Уже тут мы узнаём ведущую черту этого человека: прозрачную доверчивость, от собственной чистоты. Свой меморандум он раздаёт печатать по частям служебным машинисткам (других у него нет, он не знает таких путей) - полагая (!- он служил в наших учреждениях - и не служил в них, парил!), что у этих секретных машинисток не достанет развития вникнуть в смысл, а по частям - восстановить целое. Но у них достало развития снести каждая свою долю копий - в спецчасть, и та читала меморандум Сахарова ещё прежде, чем он разложил экземпляры на своем столе, готовя Самиздат. Сахаров был менее всего приспособлен (и потому - более всех готов!) вступить в единоборство с бессердечным зорким хватким, неупустительным тоталитаризмом! В последнюю минуту министр атомной промышленности пытался отговорить, остановить Сахарова, предупреждал о последствиях, - напрасно. Как ребёнок не понимает надписи "эпидемическая зона", так беззащитно побрёл Сахаров от сытой, мордатой, счастливой касты - к униженным и оскорблённым. И - кто ещё мог это, кроме ребёнка? - напоследок положил у покидаемого порога "лишние деньги", заплаченные ему государством "ни за что" - 150 тысяч хрущёвскими новыми деньгами, 1,5 миллиона сталинскими.

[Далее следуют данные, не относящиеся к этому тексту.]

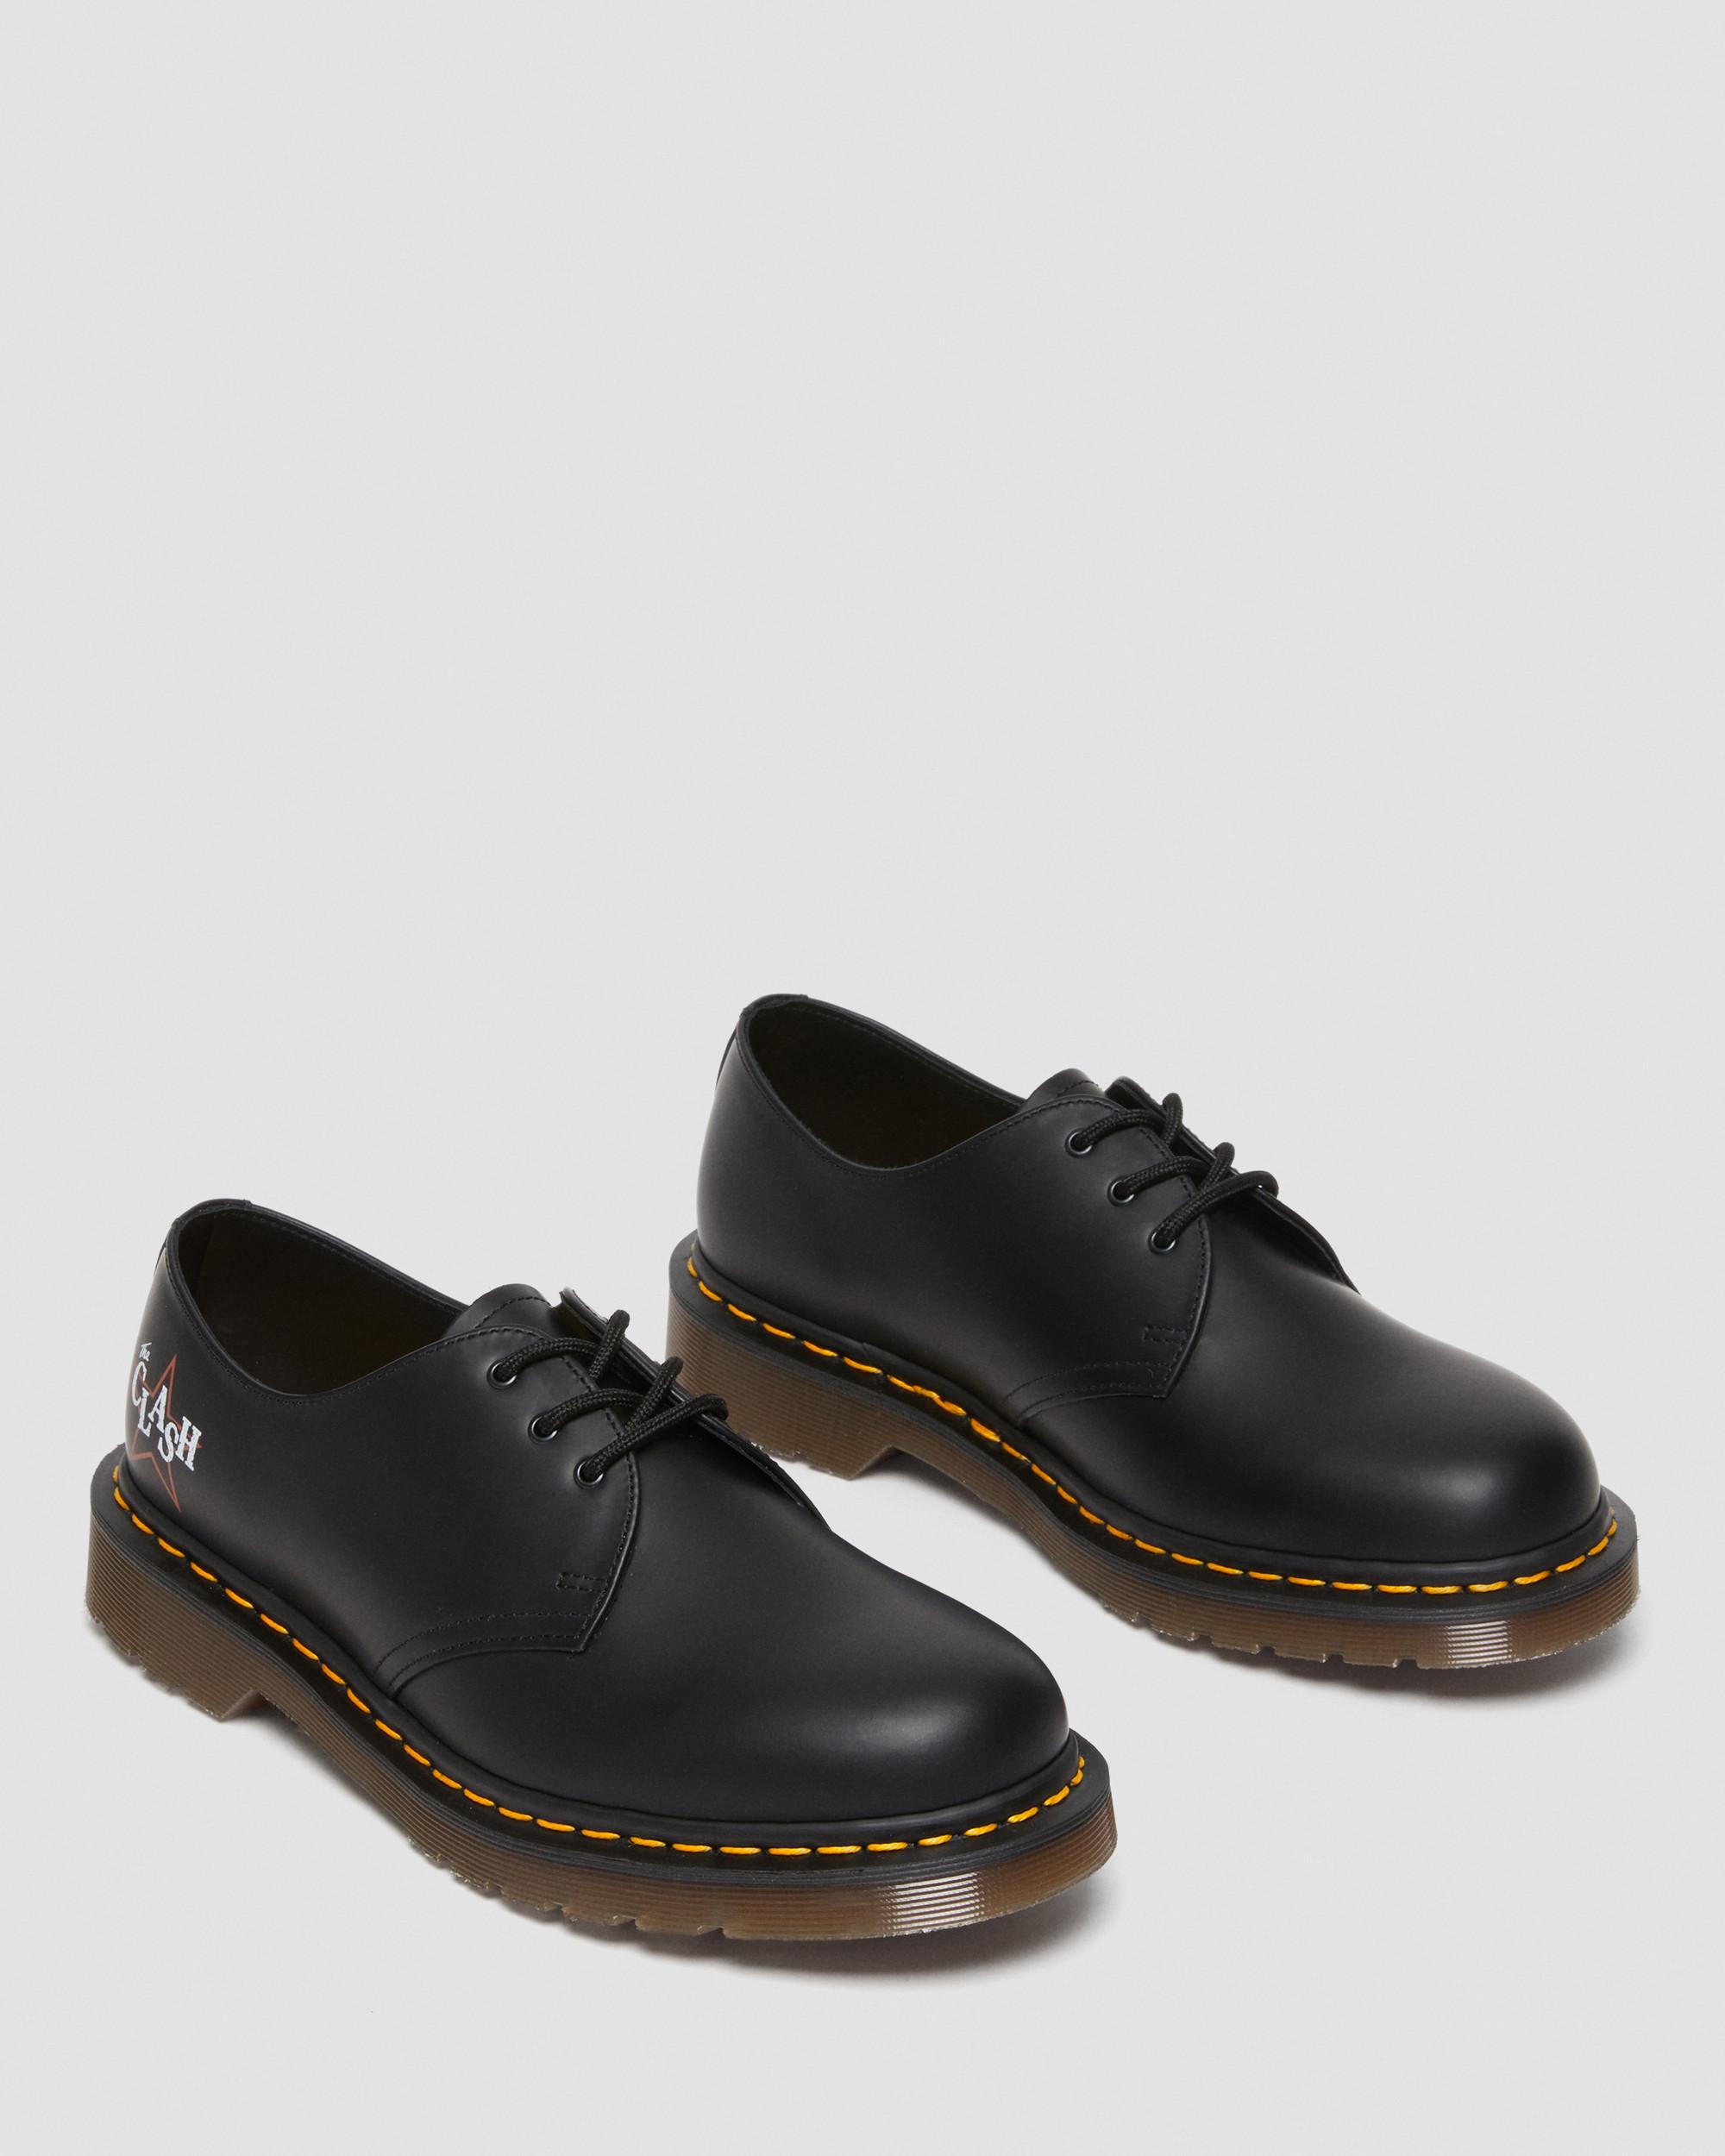 1461 THE CLASH Made In England Leather Shoes | Dr. Martens

Когда Сахаров ещё не знал либерального-самиздатского-мыслящего мира, на поддержку к нему пришёл молодой бесстрашный историк (с его грандиозными выводами, что всемирная закономерность была загублена одним неудачным характером) - как же не обрадоваться союзнику! как же не испытать на себе его влияния! Прочтите в первом сахаровском меморандуме - какие реверансы, какое почтение снизу вверх к Рою Медведеву. Виснущие предметы отягчают воздушный шар. Предполагаю, что задержка сахаровского взлёта значительно объясняется этим влиянием Роя Медведева, с кем сотрудничество отпечатлелось на совместных документах узостью мысли, а когда Сахаров выбился из марксистских ущербностей, закончилось выстрелом земля-воздух в спину аэронавту.
Я встретился с Сахаровым первый раз в конце августа 68-го года, тотчас после нашей оккупации Чехословакии и вскоре после выхода его меморандума. Он ещё тогда не был выпущен из положения особосекретной и особо-охраняемой личности: он не имел права звонить по телефону-автомату, а только по своему служебному и домашнему; не мог посещать произвольных домов или мест, кроме нескольких определённых, проверенных, о которых известно, что он бывает там; телохранители его то ходили за ним, то нет, он наперёд не мог этого знать. Поэтому мою встречу с ним было весьма трудно устроить. К счастью, нашёлся такой дом, где я уже был однажды, а он имел обычай бывать там. Так мы встретились.
С первого вида и первых же слов он производит обаятельное впечатление: высокий рост, совершенная открытость, светлая мягкая улыбка, светлый взгляд, тёпло-гортанный голос и значительное грассирование, к которому потом привыкаешь. Несмотря на духоту, он был старомодно-заботливо в затянутом галстуке, тугом воротнике, в пиджаке, лишь в ходе беседы расстёгнутом - от своей старомосковской интеллигентской семьи, очевидно, унаследованное. Мы просидели с ним четыре вечерних часа, для меня уже довольно поздних, так что я соображал неважно и говорил не лучшим образом. Ещё и перебивали нас, не всегда давая быть вдвоём. Ещё и необычно было первое ощущение - вот, дотронься, в синеватом пиджачном рукаве - лежит рука, давшая миру водородную бомбу!
Я был, наверно, недостаточно вежлив и излишне настойчив в критике, хотя сообразил это уже потом: не благодарил, не поздравлял, а всё критиковал, опровергал, оспаривал его меморандум, да ещё без хорошо подготовленной системы, увы, как-то не сообразил, что она понадобится. И именно вот в этой моей дурной двухчасовой критике он меня и покорил! - он ни в чем не обиделся, хотя поводы были, он ненастойчиво возражал, объяснял, слабо-растерянно улыбался, - а не обиделся ни разу, нисколько - признак большой, щедрой души. (Кстати, один из аргументов его был: почему он так преимущественно занят разбором проблем чужих, а не своих, советских? - ему больно наносить ущерб своей стране! Не связь доводов переклонила его так, а вот это чувство сыновней любви, застенчивое чувство вело его! Я этого не оценил тогда, подпирала меня пружина лагерного прошлого, и я всё указывал ему на пороки аргументации и группировки фактов.)
Потом мы примерялись, не можем ли как-то выступить насчёт Чехословакии, - но не находили, кого бы собрать для сильного выступления: все именитые отказывались поголовно.